Vision-language models can generate editable SVG overlays on images to visually explain their answers and raise task accuracy.

A machine-rendered reading of the paper's core claim, the machinery that carries it, and where it could break.

Vision-language models typically answer questions about images using text alone, which makes it difficult for users to follow or verify the reasoning steps. SketchVLM supplies a training-free method that lets any such model draw non-destructive SVG marks directly on the input image to show its thought process. The approach was evaluated on seven benchmarks that include maze navigation, ball trajectory prediction, object counting, part labeling, and shape drawing. It produced gains of up to 28.5 percentage points in accuracy and 1.48 times better annotation quality than image-editing or fine-tuned sketching baselines. The visual marks also aligned more closely with the model's own text answers than the comparison methods.

Core claim

SketchVLM is a model-agnostic framework that prompts vision-language models to output SVG overlays on the original image as a way to explain their reasoning. Across visual-reasoning and drawing tasks the overlays raise accuracy by as much as 28.5 points and annotation quality by up to 1.48 times relative to baselines while remaining more faithful to the model's stated answer.
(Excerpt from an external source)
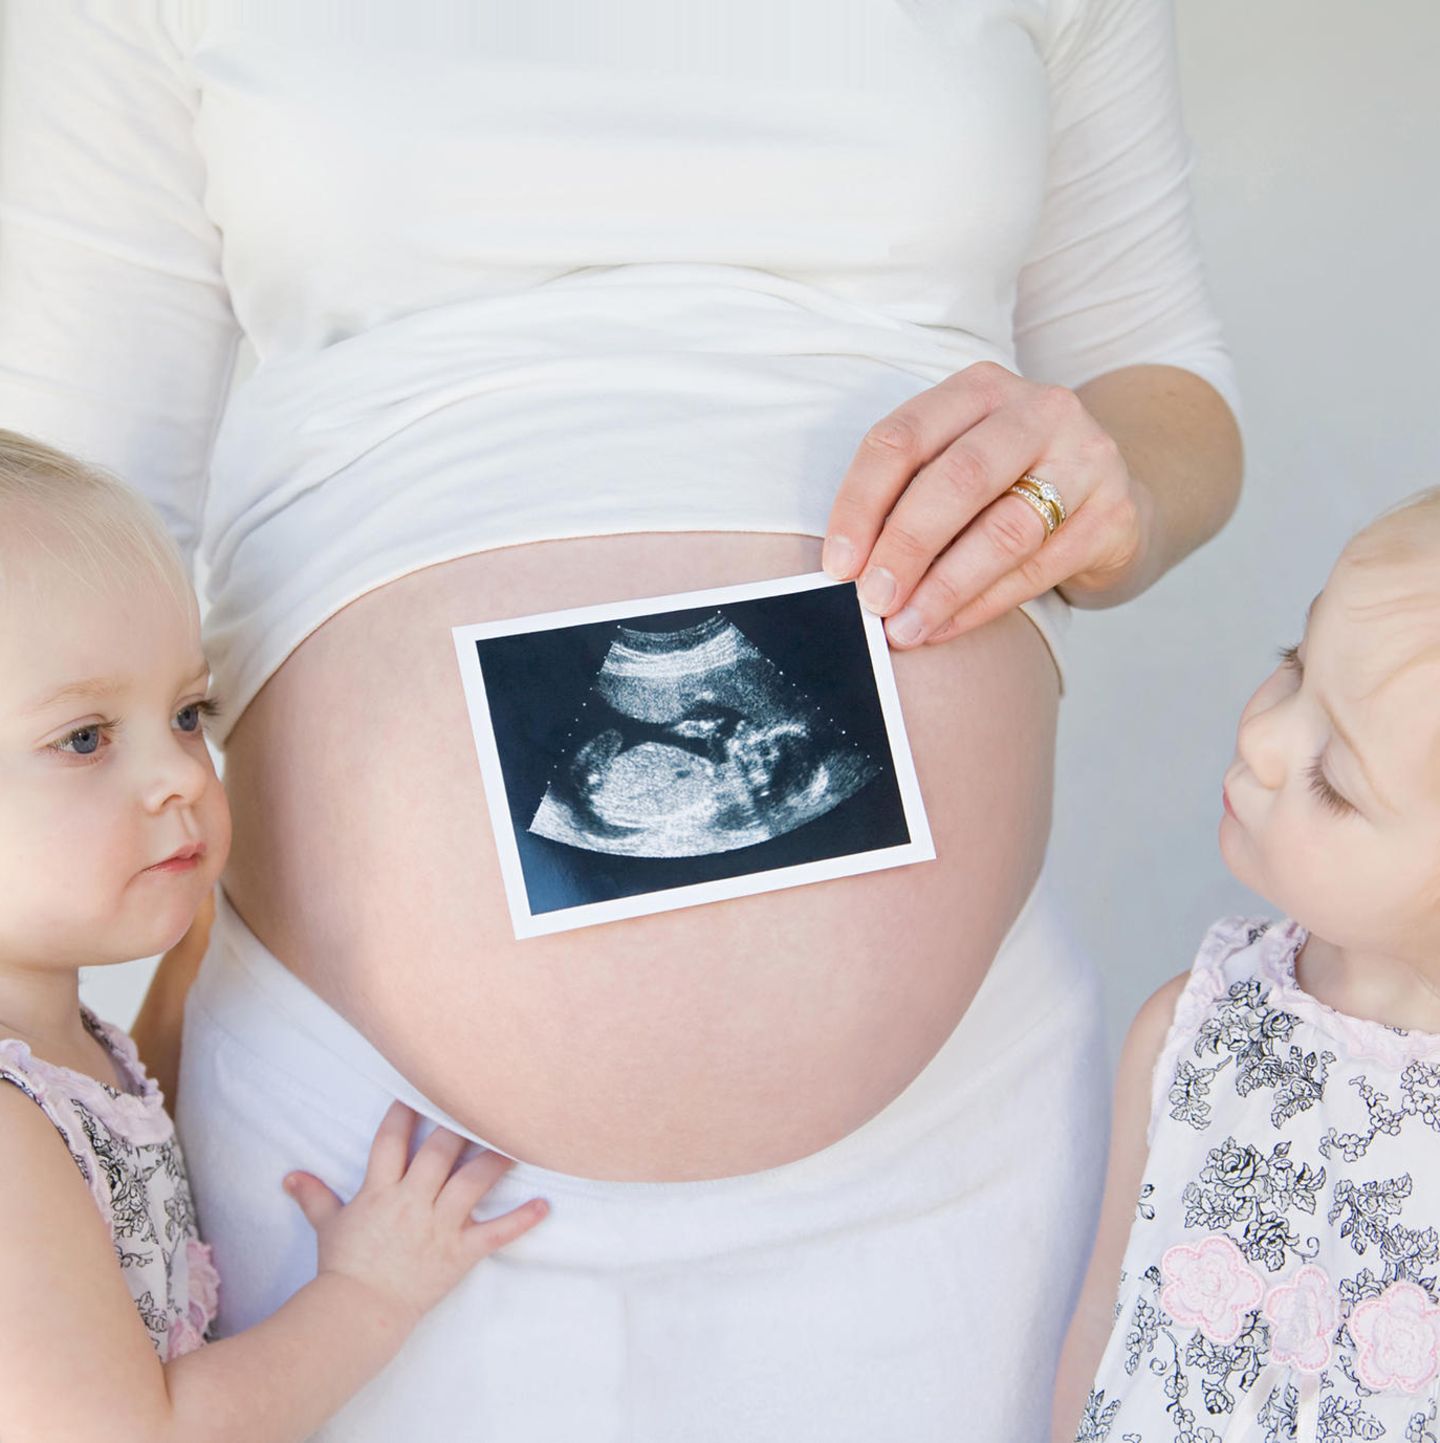 Geschwisterkinder stehen neben Babybauch und schauen darauf gehaltenes Ultraschallbild an.

Single-turn generation already delivers strong results, and multi-turn use supports iterative human-AI refinement.

What carries the argument

Non-destructive, editable SVG overlays generated by the VLM that visualize its reasoning steps directly on the input image without altering the original pixels.

If this is right

  • Users receive a direct visual record of the model's reasoning that can be inspected and edited without changing the source image.
  • Accuracy rises on concrete tasks such as maze navigation, trajectory prediction, and object counting.
  • Annotation quality improves over both image-editing tools and fine-tuned sketching models.
  • The visual explanations stay more consistent with the model's own text output than baseline approaches.
  • Multi-turn interaction becomes possible, allowing humans to refine or question the model's visual steps.

Where Pith is reading between the lines

These are editorial extensions of the paper, not claims the author makes directly.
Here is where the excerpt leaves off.